Singapore uses in excess of three billion plastic bags a year. Most are used to hygienically dispose of domestic trash at home, but many end up as waste and incinerated. Though incineration is expensive and polluting, plastic bags are a useful source of fuel for the country’s garbage incinerators. 

“The question is whether we are able to change our lifestyles, and advocate for change among our loved ones and friends. Policy change is coercive, and can be done. But I think it’s important to make sure that we’re out there, everyone of us in this hall, speaking up for this cause,” Lee said.

Dr Shawn Lum, president of conservation group Nature Society of Singapore, added: “We’re [consumers] looking for policy to come down [to affect change]. But for things to really change, you have to work from the ground up.”

Singapore will end up as a soulless jungle of concrete glass and steel.

Desmond Lee, minister, Prime Minister’s Office and second minister for Home Affairs and National Development on the cost of biodiversity loss.

Learning to share a city with wildlife

In an earlier address at the event, Lee said that Singapore could not just be a ‘City in a garden’ and needed evolve into a ‘biophilic city’—one where nature is built into urban design, and people co-exist with animals. 

‘City in a Garden’ is a green-minded approach to urban development pioneered by the city-state’s former prime minister Lee Kuan Yew. It has seen millions of trees planted on or around buildings all Singapore since the 1960s.

For Singapore to become truly biophilic, its citizenry needs to learn more about the value of biodiversity, and become more tolerant of wildlife, said Lee. Recent incidences of human-wildlife conflict in Singapore include a monkey biting a citizen and a wild boar goring a dogwalker.

If the country’s wildlife is not preserved, “Singapore will end up as a soulless jungle of concrete glass and steel,” warned Lee.

In a land-scarce, highly urbanised yet biodiverse country of 4,673 species of flora and fauna, human-wildlife interaction is “inevitable” as the human population rises, he said, adding that “not everyone is comfortable being so close to nature—some don’t like it at all.”

Goodall’s charity, the Jane Goodall Institute, has been working to improve the relationship between people and animals in Singapore for the last 10 years. The institute works with Singapore’s National Parks Board to organise “monkey walks” to familiarise the public with longtailed macacques, a species that regularly comes into contact with people because the animals are routinely fed.

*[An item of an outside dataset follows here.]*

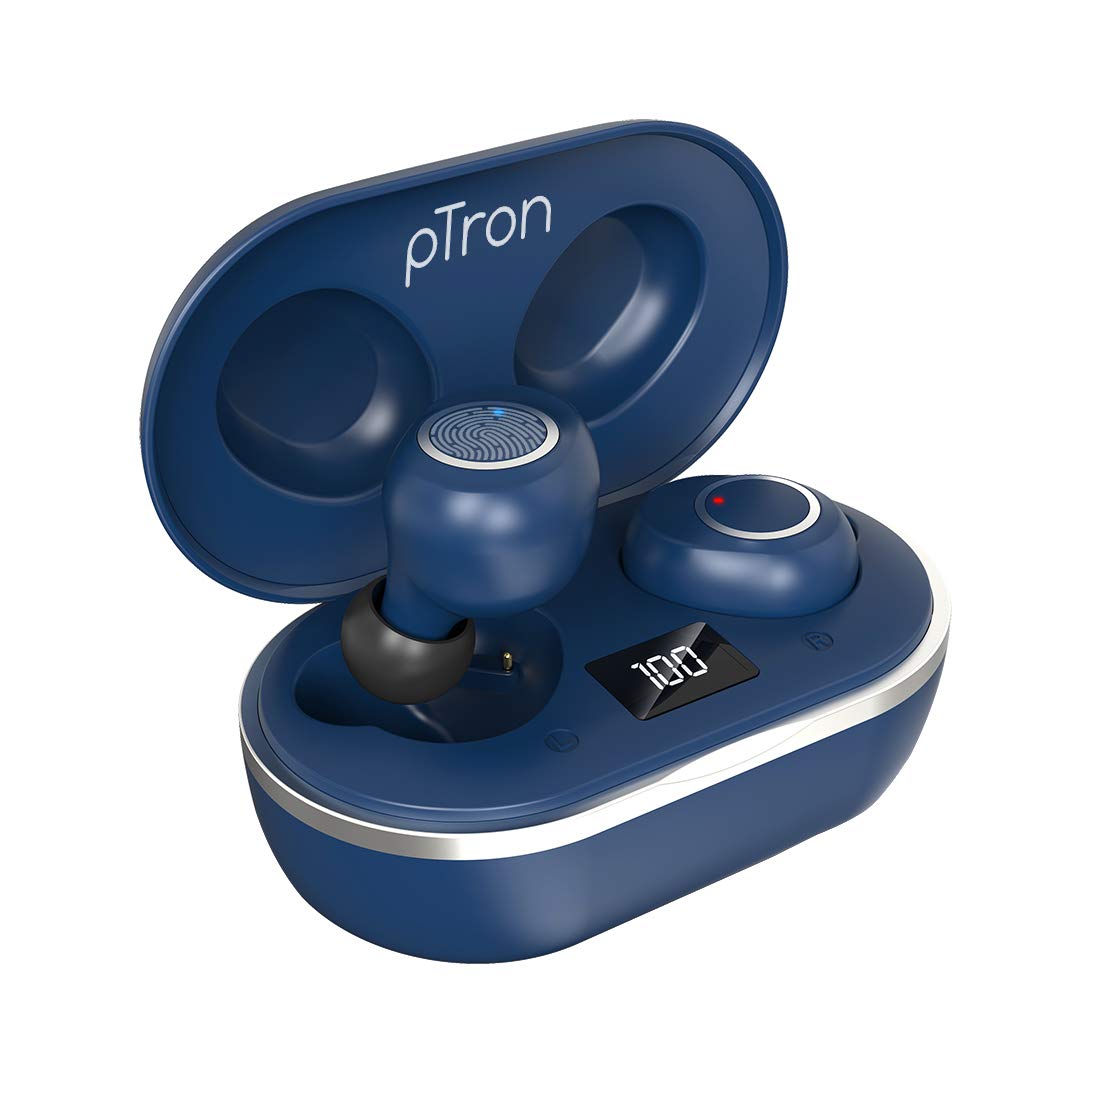 here's i am review all best ptron earphone wired and wireless headphones for all budget users, 
so before we review earbuds let me explain what kind of thing check  in ptron(earphone/headphones)

Goodall said it would be “very easy” for the government to manage human-wildlife conflict “in a country the size of Singapore if there weren’t so many people living here.” The over population of the world has long been one of Goodall’s primary concerns.

Dr Jane Goodall: “There is a window of time for us to start turning things around. Scientists will disagree. But I prefer to live with hope.” Image: Eco-Business

How to change people

Asked to define her biggest achievement, Goodall, whose accomplishments include the discovery that chimpanzees use tools and have, like humans, a darker side to their nature, said it was the realisation that “each one of us makes some kind of difference, and we have a choice as to what kind of difference we’re going to make.”

She added that preaching is the wrong way to engage with people on environmental issues. Telling people they are behaving badly “really doesn’t make any difference,” she said. “People will argue with you.”

“I get around it by telling stories. You’ve got to get into people’s hearts if you want them to change, not argue with them and tell them they’re bad people,” she said.

Goodall added that even though “the world is a mess,” with deforestation, ocean acidification and the continued burning of fossil fuels causing climate change-causing carbon emissions, she remains optimistic.

“We haven’t inherited this planet from our parents, we’ve been borrowing it from our children,” said Goodall. “Actually, we’ve been stealing the future from our children.”

She said that there appears to be a “disconnect” between the human brain and the heart. People are making decisions to help themselves now, and not thinking about the future.

“There is a window of time for us to start turning things around. Scientists will disagree. But I prefer to live with hope,” she said.